You know what else is just over a thousand degrees? The point where iron gets yellow-hot if we're using a colour spectrum or white hot if we're just talking about red hot vs white hot. Fireball puts enough heat into low melting point metals to melt them - why doesn't it turn swords and armour white hot? And in the process do interesting things to any sort of tempering or hardening. 

What else is something that's about a thousand degrees? A low end but functional crematorium. A thousand degrees transferred into a body will do truly horrible things to it, killing it. This makes Indiana-Jones-surviving-a-nuke-in-a-fridge feel a paragon of realism.

So what's going on with fireball? Should it be melting the flesh off peoples' bones and leaving them as charred bodies? Is it some sort of concealed "Heat Metal" spell and if so why doesn't it affect iron? Do metals in D&D just have different properties to the real world and in which case why isn't this mentioned elsewhere? All this because some hack decided to add in a throwaway line they thought would be thematic without bothering to think of the wider implications and the editors didn't stop. 3.5 confuses better fluff and worldbuilding with more fluff and worldbuilding - and by doing so it manages to undermine anyone else wanting to rebuild unless they go through line by line rather than just change fundamental assumptions.


----------



## Quickleaf (Oct 23, 2022)

Composer99 said:


> Personally, I'm all for trimming down spell descriptions as long as you can convey the same amount of information, or if any information is lost, it's stuff you don't mind losing.
> 
> I'm not quite convinced the proposed definition of knock in the OP is quite up to snuff, especially since it does actually reduce the spell's effectiveness (you can no longer end any securement or fastening other than locks with the spell). Personally, I'd also rather that categories of sound be defined separately in the rules so that you can say in spell descriptions that the spell "creates a loud sound" and everyone knows or can easily know what that means without the DM having to make it up on the spot - which also reduces the spell wordcount.
> 
> ...



I really like your writeup. I think it preserves more of the original than my attempt, but still cuts down on the density. I'm curious @Celebrim how Composer's rewrite feels to you? I


----------



## Celebrim (Oct 23, 2022)

Quickleaf said:


> I really like your writeup. I think it preserves more of the original than my attempt, but still cuts down on the density. I'm curious @Celebrim how Composer's rewrite feels to you? I




It's getting there.

I now want to know if I can Knock someone's belt to make their pants fall down (or at the very least force them to forgo the bonus of a belt of health).   Similarly for any such targeting of things on a person which might inconvenience them.   And is it the intention of the spell that they get no saving throw for such uses?


----------



## Storyteller Hero (Oct 23, 2022)

In each of my books of magic spells on DMsGuild, I always make sure to have a section with 1-sentence summaries of all the spells in the book, so no matter how wordy I make a spell, it won't be too much of a strain for readers to sift through the spells or get the basic ideas of what they do.

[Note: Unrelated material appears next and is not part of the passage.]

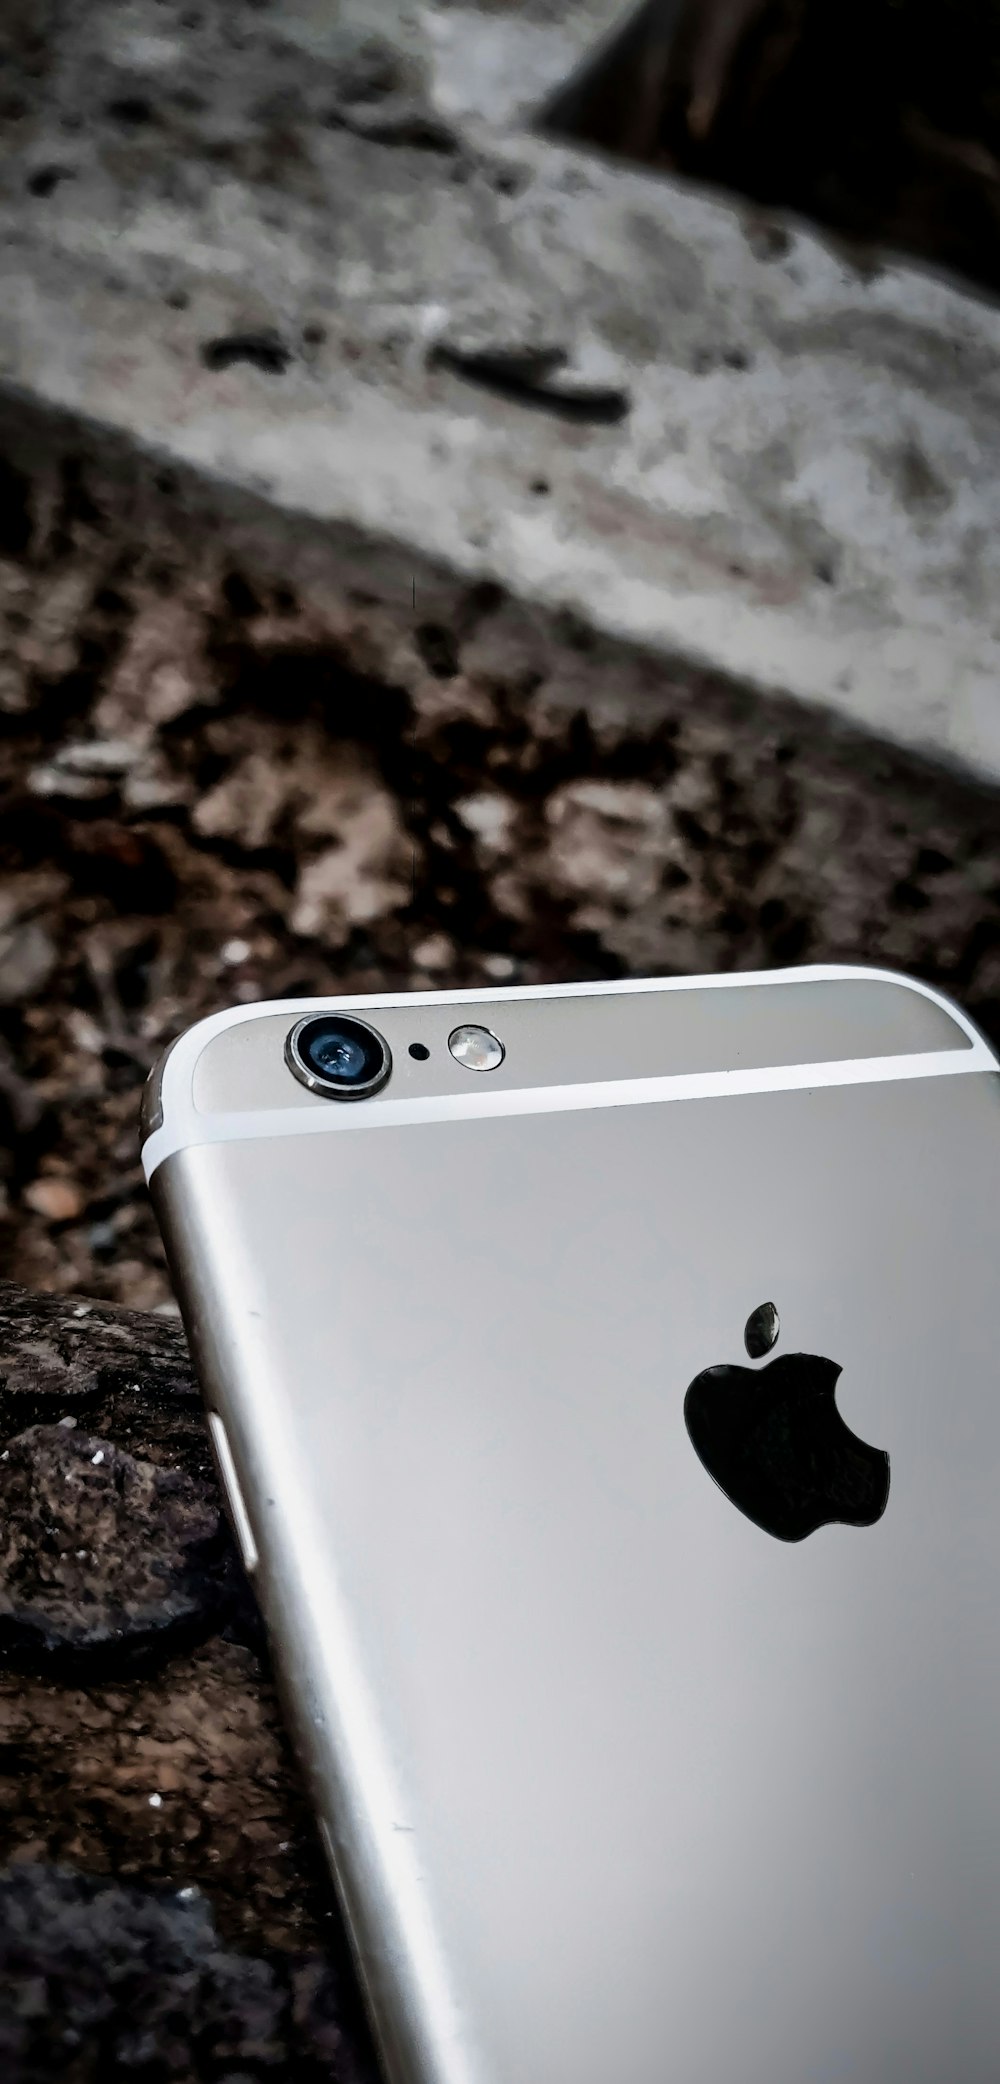 Silver iPhone 6 photo – Free Grey Image on Unsplash

Being free to add as much as I want to a spell, or as much as I feel it needs, gives me creative freedom as a designer. The summaries I make provide relief from the dryness of dense text reading as well as save time for the reader. I feel that this approach might be the more efficient way to meet the needs on "both sides of the page".

Here are links to my works, if anyone is curious:

The Grim: Spells of Necromancy

The Prestige: Spells of Illusion

The Blast: Spells of Evocation

The Artificer (Revised) (contains a section with new spells) -- this one is PWYW

D&D Magic Spell Cheat Sheets -- this one contains 1-sentence summaries for the official published spells


----------



## Incenjucar (Oct 23, 2022)

Neonchameleon said:


> Meanwhile I absolutely _despise_ the 3.5E style and find it a blight on gaming. Partly because it utterly slows down the act at the table and partly because of how it destroys any physical realism involved in the setting and turns it into just fiat physics that is unconnected to the real world.
> 
> I think that we can agree that the 4e and the 3.5 fireball descriptions are roughly equivalent to  up to the end of the first paragraph of 3.5 and the major difference in content is the two paragraphs beyond that. If we go by up to the end of the first paragraph and you want to change squares to feet I honestly don't care. But fireball is the textbook example of why I want to see this form of spell writing disappear.
> 
> ...



 It basically uses cartoon and bad movie logic, like being able to hop on rocks in volcanoes safely across flowing magma pools.


----------



## Bill Zebub (Oct 24, 2022)

Neonchameleon said:


> Meanwhile I absolutely _despise_ the 3.5E style and find it a blight on gaming. Partly because it utterly slows down the act at the table and partly because of how it destroys any physical realism involved in the setting and turns it into just fiat physics that is unconnected to the real world.
> 
> I think that we can agree that the 4e and the 3.5 fireball descriptions are roughly equivalent to  up to the end of the first paragraph of 3.5 and the major difference in content is the two paragraphs beyond that. If we go by up to the end of the first paragraph and you want to change squares to feet I honestly don't care. But fireball is the textbook example of why I want to see this form of spell writing disappear.
> 
> ...




For fireballs to nearly instantaneously melt gold/silver/copper, they are either a _lot_ hotter than 1,000 degrees F. or normal rules of physics don't apply.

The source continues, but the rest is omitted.